Risk prediction strategies and characteristics of data reporting for the study on top indicators in the five ACT regions
| Basque | Catalonia | Groningen | Lombardy | Scotland | Barriers for comparison | |
|---|---|---|---|---|---|---|
| Scope of the stratification strategy | Entire population (population health) | Population (population health) | Programme (population medicine) | Programme (population medicine) | 3.4 million people (toward population health) | Heterogeneous predictive modelling tools |
| Current predictive modelling tool | ACG-PM | CRG | Not available | CReG, evolving toward a risk predictive modelling tool | SPARRA v3 (owned by the region) | Different statistics describing predictive power, different levels of flexibility |
| Risk categories (%)* | ||||||
| High | 1.3 | 3.4 | – | 3.0 | 0.7 | Different criteria for risk categories leading to non-comparable population distributions |
| Medium | 5.5 | 10.8 | – | 40.9 | 2.0 | |
| Low | 22.8 | 34.7 | – | 56.1 | 6.7 | |
| Healthy | 70.4 | 51.1 | – | – | 90.6 | |
| Characteristics of reporting on top indicators | Regional and microsystems | Regional and four areas | Three programmes | GReG cohorts | Subregion | Heterogeneity of reporting allowed conceptual consensus but not comparability of results |
*Estimations of risk-strata distribution corresponds to 2012.
ACG-PM, Adjusted Clinical Groups-Predictive Model; ACT, Advancing Care Coordination and Telehealth Deployment; CReG, Chronic-Related Group; SPARRA V3, Scottish Patients at Risk of Readmission and Admission V.3.
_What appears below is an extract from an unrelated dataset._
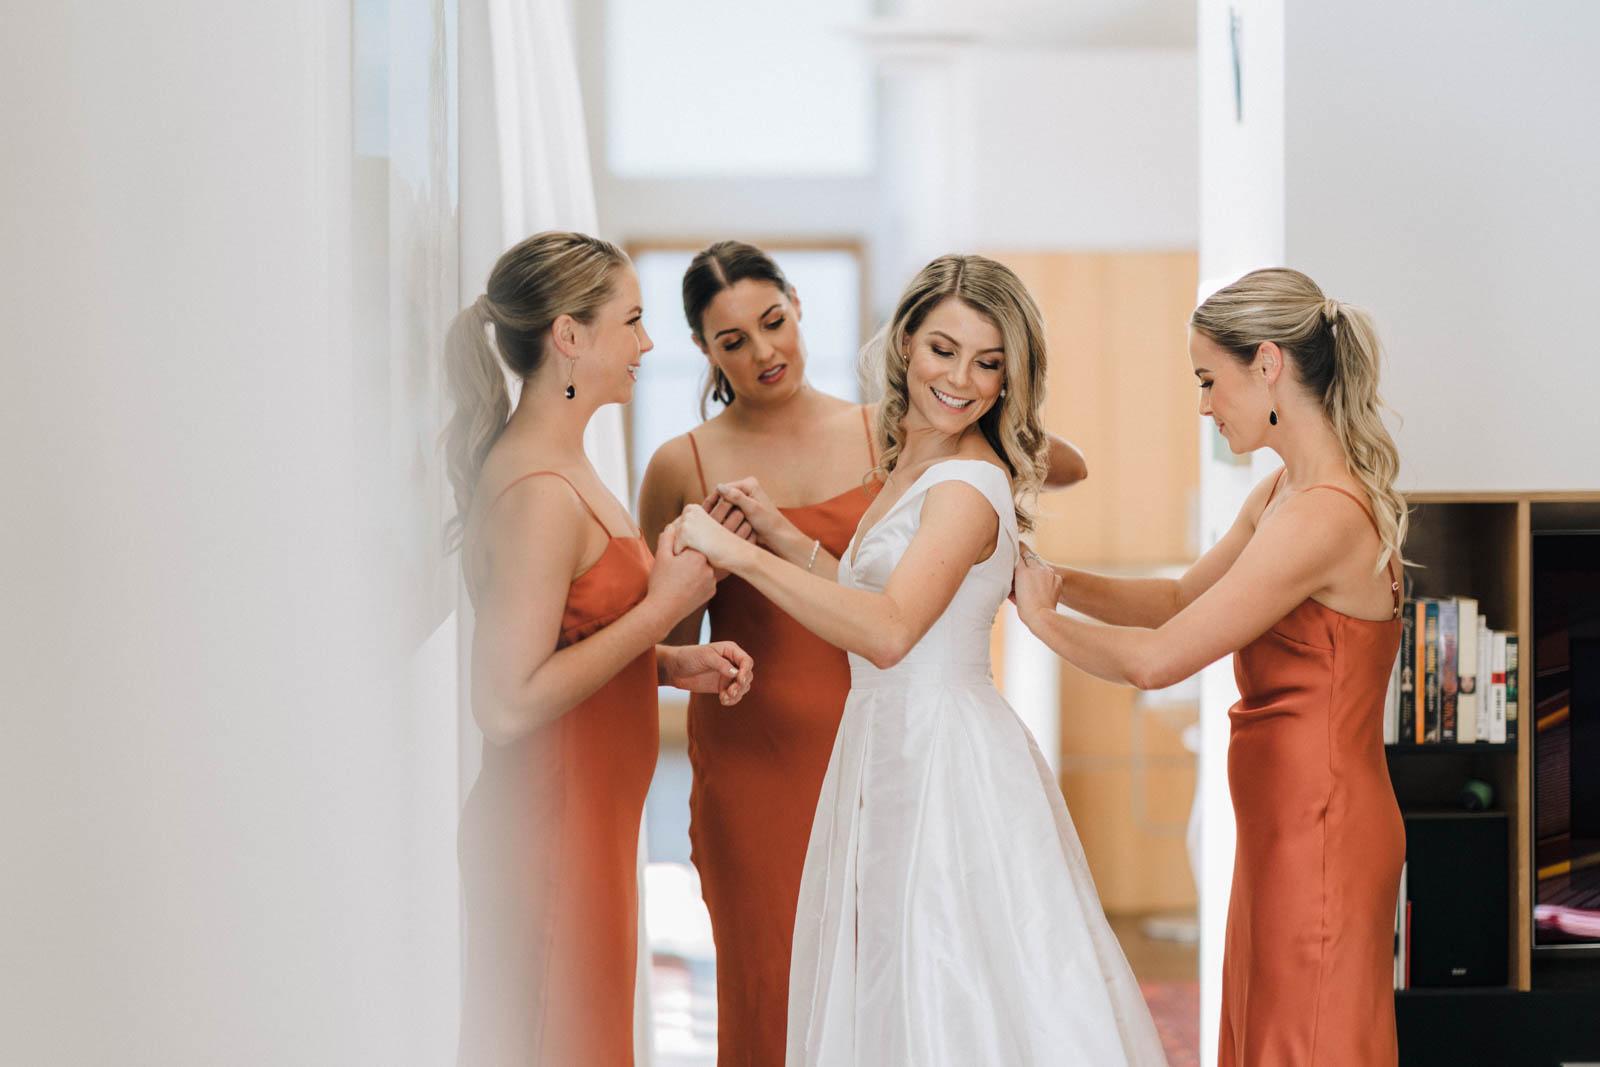 newfound-s-p-mt-maunganui-tauranga-wedding-photographer-1416-A9_04614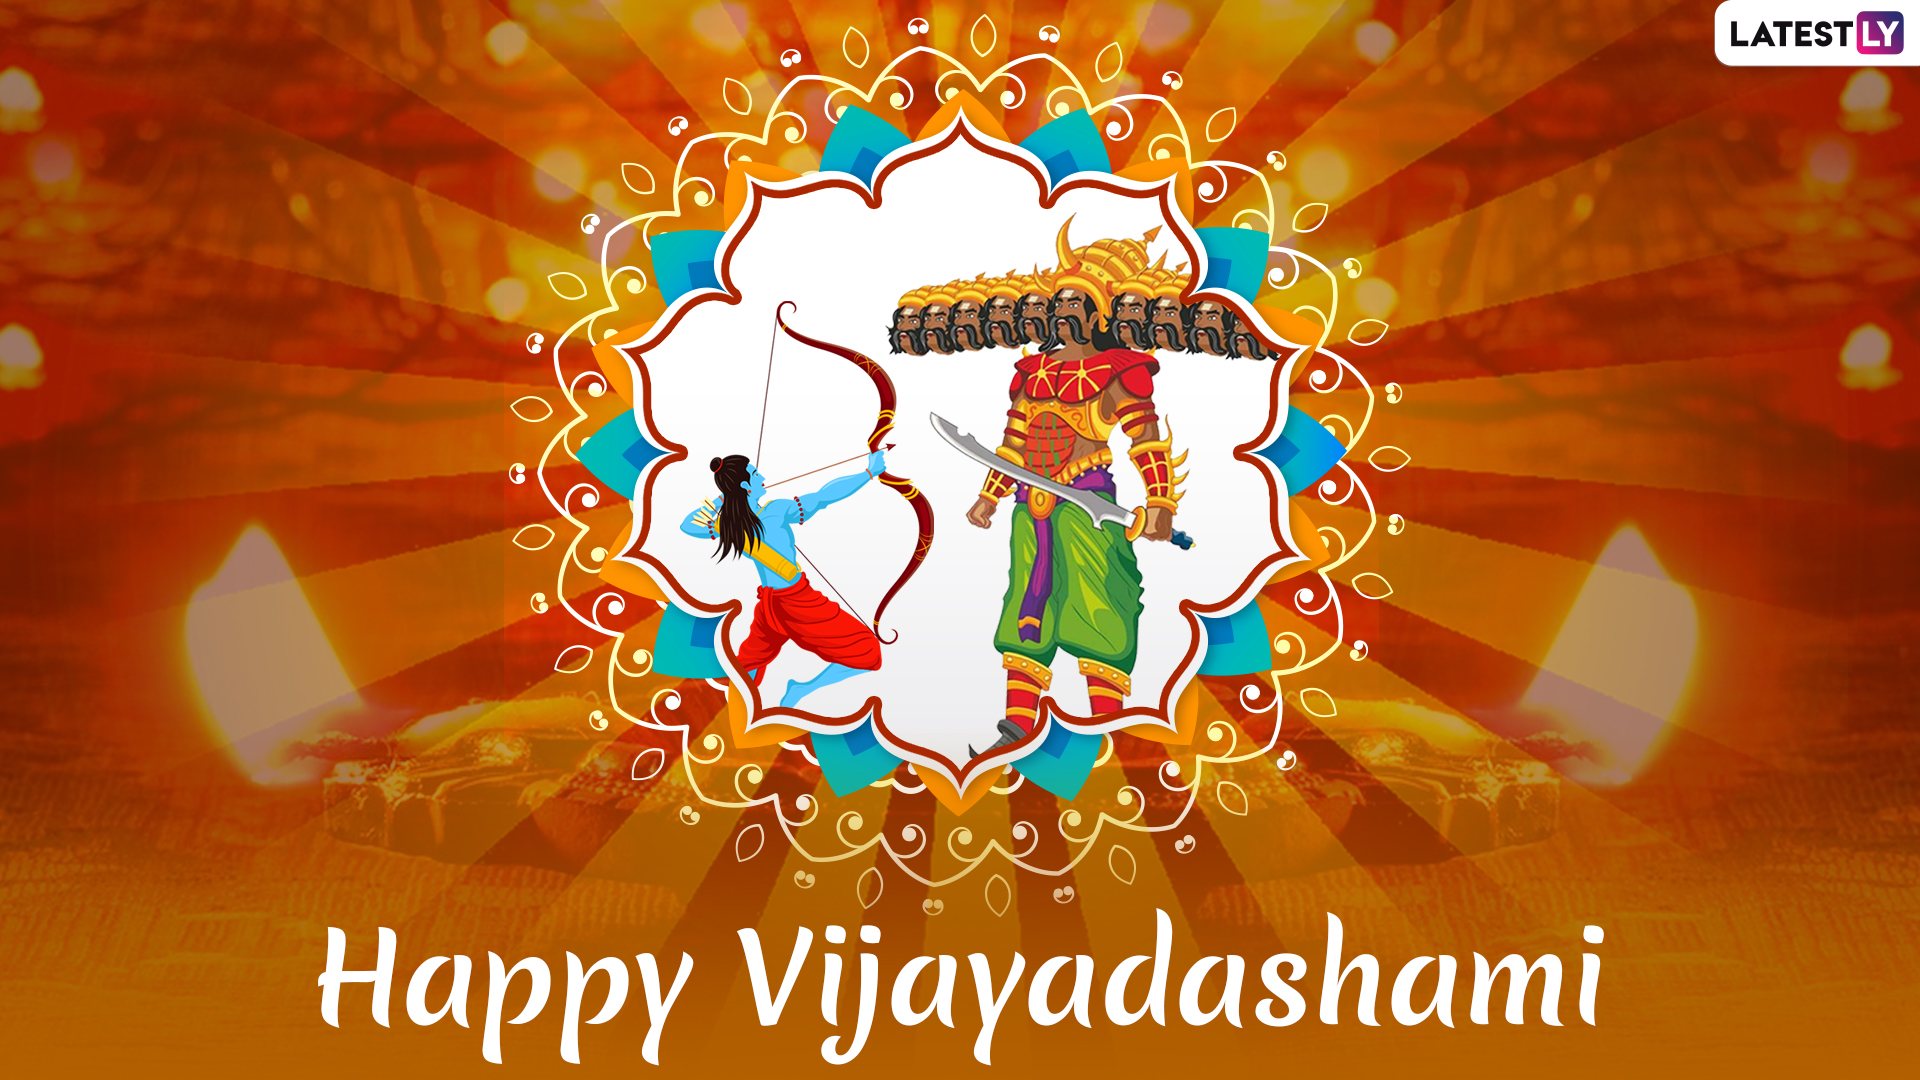 Happy Vijayadashami 2019 Greetings: WhatsApp Stickers, Maa Durga GIF Images, Ram Ravan Yudh Photos and SMS to Send on Dussehra

Recommendations for good practice population-based health risk assessment
| Domain | Recommendations | Level of evidence |
|---|---|---|
| Type of risk stratification tool | Predictive model using a population health approach | High |
| Validation of the model | Longitudinal follow-up | High |
| Predicted/explained outcomes | Unplanned hospital-related events; risk of institutionalisation; death; case prognosis | High |
| Source sample | Whole regional population | High |
| Statistical model | Predictive modelling | High |
| Statistical indices | Standardisation on reporting performance (positive predictive value, PPV) | Moderate |
| Population usefulness | Risk adjustment; planning and commissioning health services | High |
| Clinical and social usefulness | Identification of patients at high risk and cost-effective preventive clinical and social interventions | High |
| Periodicity of updates | Semester | Low† |
| Clinical accessibility | Available in the professional workstation through clinical decision support systems | High‡ |
| Flexibility and transferability | Open algorithms, open source, reduced or no licence binding. Morbidity grouper based on statistical criteria adjusted to the target population | High |
*To report metrics indicating sensitivity/specificity of predictions is recommended for good practice. However, some regions adopt a pragmatic approach classifying individuals into specific of the risk-strata pyramid without informing on sensitivity/specificity because of rather poor robustness of predictions provided by most of the models.
†Periodicity of updates depends on the logistics available in each site. A yearly or 6-monthly basis seem reasonable.
‡Development of adequate clinical decision support systems (CDSS) depends on three main factors: (1) robustness of computational modelling feeding the CDSS; (2) refinement of the CDSS generated by the clinical feedback and (3) appropriate dashboard providing a user-friendly interface.
Figure 2The dimensions of patient health indicated in the figure may contribute to enrich clinical risk predictive modelling. As a first step, we propose to include the outcome of the population-based risk assessment as a covariate in clinical risk predictive modelling. For future personalised care for chronic patients, enhanced dynamic communication among Informal Care, Health Care and Biomedical Research will allow inclusion of several dimensions into clinical risk predictive modelling. It will be carried out through multilevel/multiscale heterogeneous data integration within a Digital Health Framework, as depicted in figure 3.
Figure 3Scheme of the Digital Health Framework,40 composed of digital data normalisation and knowledge management layers for knowledge generation, and novel Clinical Decision Support Systems (CDSS) embedded into integrated care processes.